真的有,因爲跟她夢想的薔薇洋樓不謀而合,但有點太大了。
一進門。
“粑粑你回來啦,漂釀阿姨呢?”邵辛撲了過來,滿臉是笑。
童詩從厲皓軒背後冒出顆小腦袋,沖小東西甜甜地笑道:“你好呀邵辛,我在這裏!”
“漂釀阿姨你可真好看呀,比照片還好看!”小邵辛懵了一陣,當即回過神來由衷地贊歎。
童詩忍不住臉紅,厲皓軒卻笑着看她,結果視線下移,看到了門口的鞋架上有一雙高跟鞋。
款式有些年輕!
眼底銳光一閃,看向候在一旁的陳嫂,陳嫂正要開口,一道女聲由遠而近。
“皓軒,你回來了?”唐心怡微笑着從廚房走了出來,宛若家裏的女主人一樣。
看到童詩的那一刻,她眼底有一抹狠光快速閃過,口中溫柔而親熱地仿佛能滴出水來。“還帶了朋友呀?”
厲皓軒拉着童詩的手,微微一頓,俊臉陡然變得沉冷。
童詩看向拿着鍋鏟的唐心怡,這麽年輕的廚娘?
她數了數,加上門口的四個年紀稍微大一點的,正好一共五個人。
陳嫂想要解釋唐心怡出現在這裏的原因,可童詩正好趕在這個時候碰了碰厲皓軒。“愣什麽呀,快把我買的禮物拿出來呀,不多不少,正好五份呢!”
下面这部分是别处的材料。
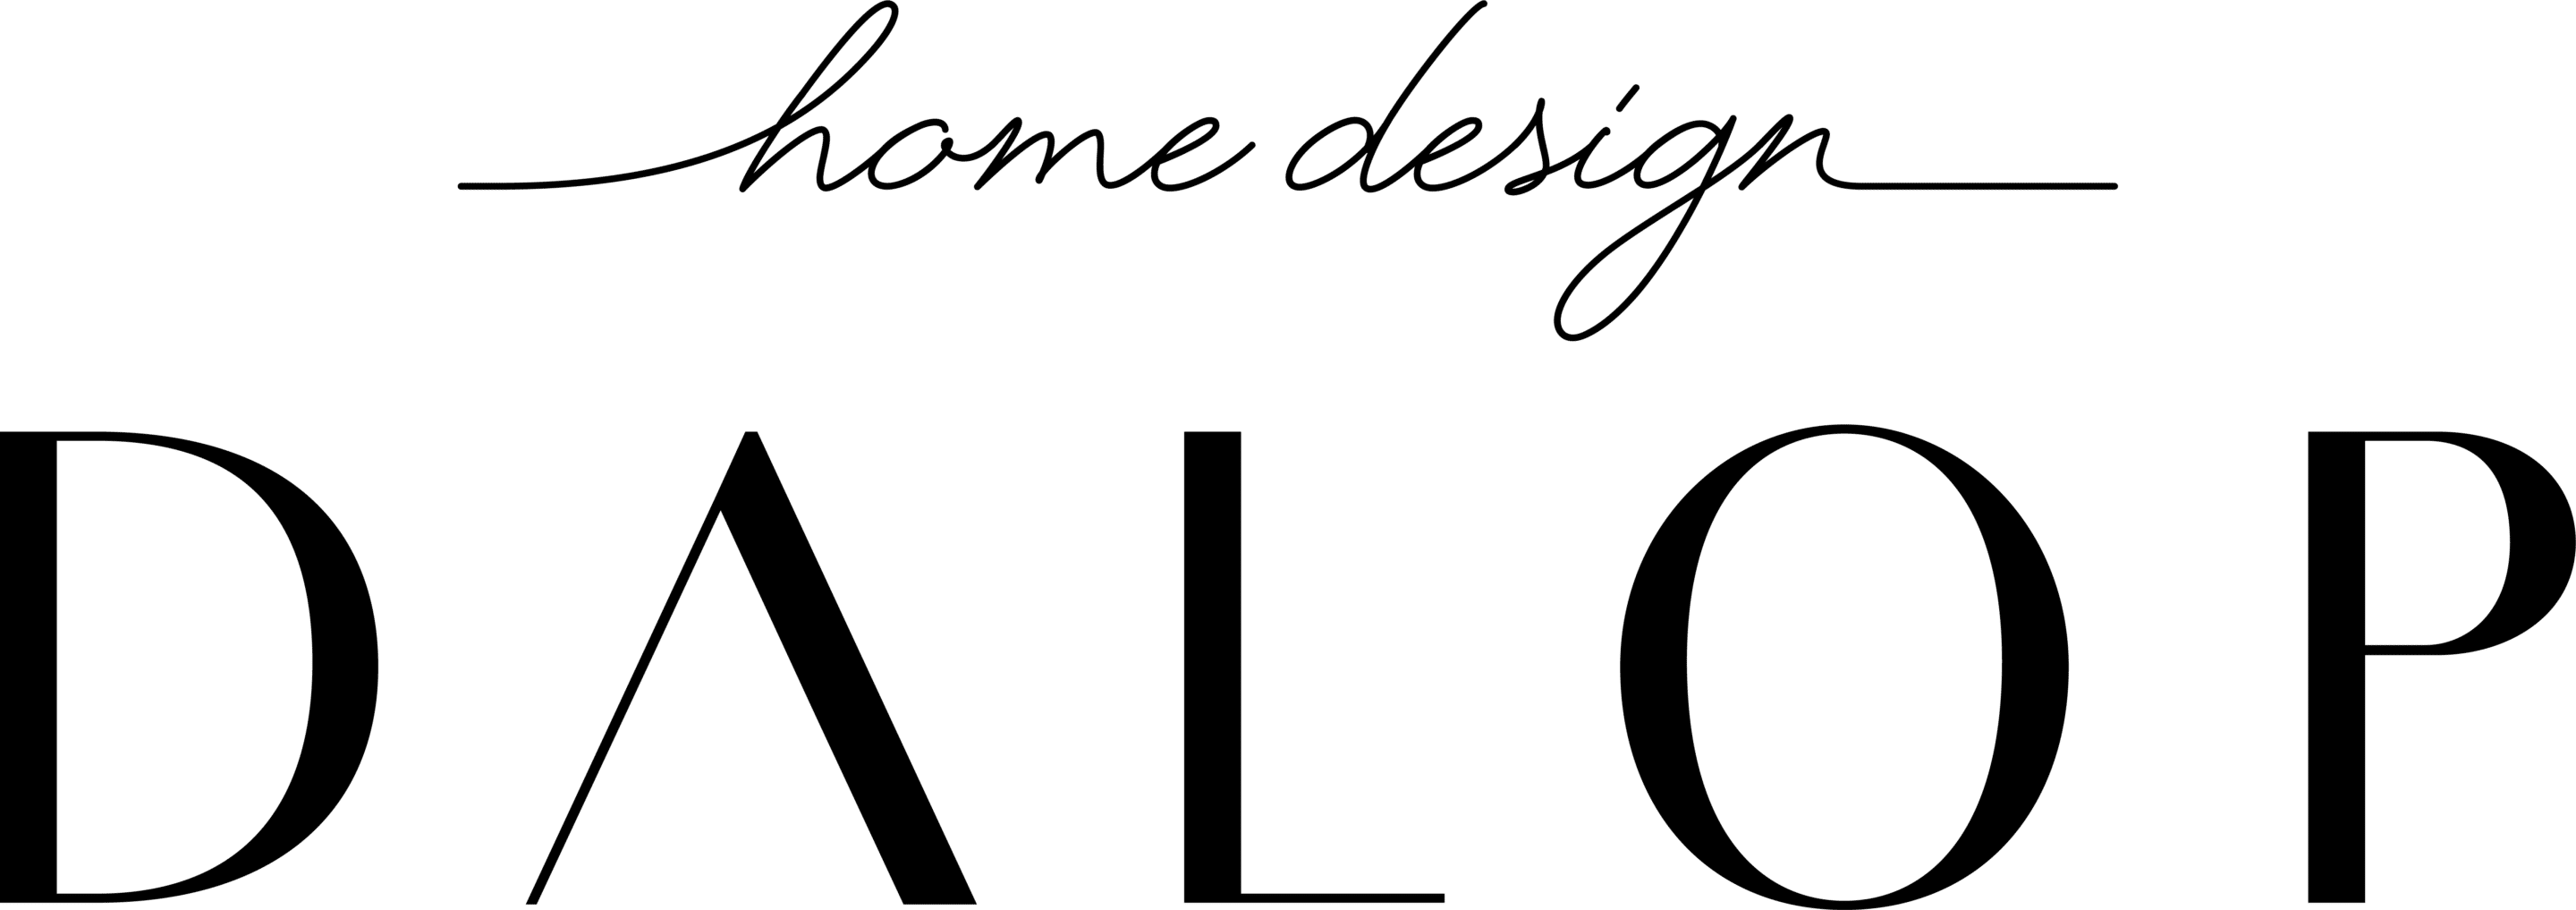 DaLop Design

正、好、五、份!厲皓軒聞言,眉毛一挑,瞬間就知道童詩很有可能……誤會了。
“對,正好,你最厲害最聰明。”他忍不住親她一口,完全無視了唐心怡。
唐心怡看着那個表情夢幻的男人,滿眼都是陌生。
他還是他嗎?居然也會有這樣溫柔的一面,卻是對别的女人!
苦,心裏蔓延的全是數之不盡的苦澀,他怎麽可以當着她的面跟别的女人這樣親密!
童詩紅着臉推開他,顧着那麽多人都在場也不好發脾氣,隻好親手将每一份禮物送到每個人的手裏,最後一份送到唐心怡手上。
唐心怡不敢置信地看着手裏的那套和四個傭人一樣的雪花秀基礎護膚套盒,登時臉色一變。
“你……”
“你們好,我是童詩,今天多有打擾了!”童詩沖衆人甜甜一笑。
“謝謝您的禮物。”四個年歲偏大的中年女人對童詩禮貌地道謝。
厲皓軒忍着笑,小邵辛也在忍着笑。
“小帥哥,這些都是你哒!”
“謝謝漂釀阿姨,你真是太好了!”小邵辛費力地拎着畫冊,育兒嫂想幫他,他搖頭表示不用。
“去把我準備好的拖鞋拿來。”厲皓軒吩咐,根本就沒看唐心怡。
準備好的拖鞋!唐心怡手中僵硬地捧着那盒護膚品,暗暗咬牙,眼中開始發熱。
這個賤人居然把她當傭人,竟然這樣羞辱她!
童詩的目光一直追随着小邵辛的身影,移都移不開。
小家夥特别帥氣,頭發很炫酷,唇紅齒白,真人比視頻裏更好看,簡單的白色棉質跨欄背心,卡其色的七分小褲子,有種歐美範兒,很簡約,穿在身上像個小大人似的!
陳嫂很快将一雙黑色的香奈兒山茶花拖鞋取了過來,童詩脫了平底鞋,踩在上面,笑着問身側的男人。
“你準備的?什麽時候哇?”
“很久了。”厲皓軒笑着揉着她的腦袋,其實也沒多久,也就一個星期左右。
“沒安好心!”童詩含羞帶怯地瞪了他一眼,最後目光落到小邵辛身上,“邵辛,阿姨和你一起畫畫好不好?我買了很多彩鉛,顔色飽和度特别高,很漂亮哒!”
“好呀好呀!”邵辛偷偷看了唐心怡一眼,暗笑。
讓你不知好歹非要留下,哼,都說粑粑已經交女朋友了還死賴着不走,活該!
想着,小東西幹脆主動拉住童詩的手就往他二樓的玩具房走。
唐心怡暗暗握緊鍋鏟,恨不得立刻就将那套護膚品套盒砸死童詩,心裏好像有個魔鬼,在憤怒地叫嚣着:賤人去死!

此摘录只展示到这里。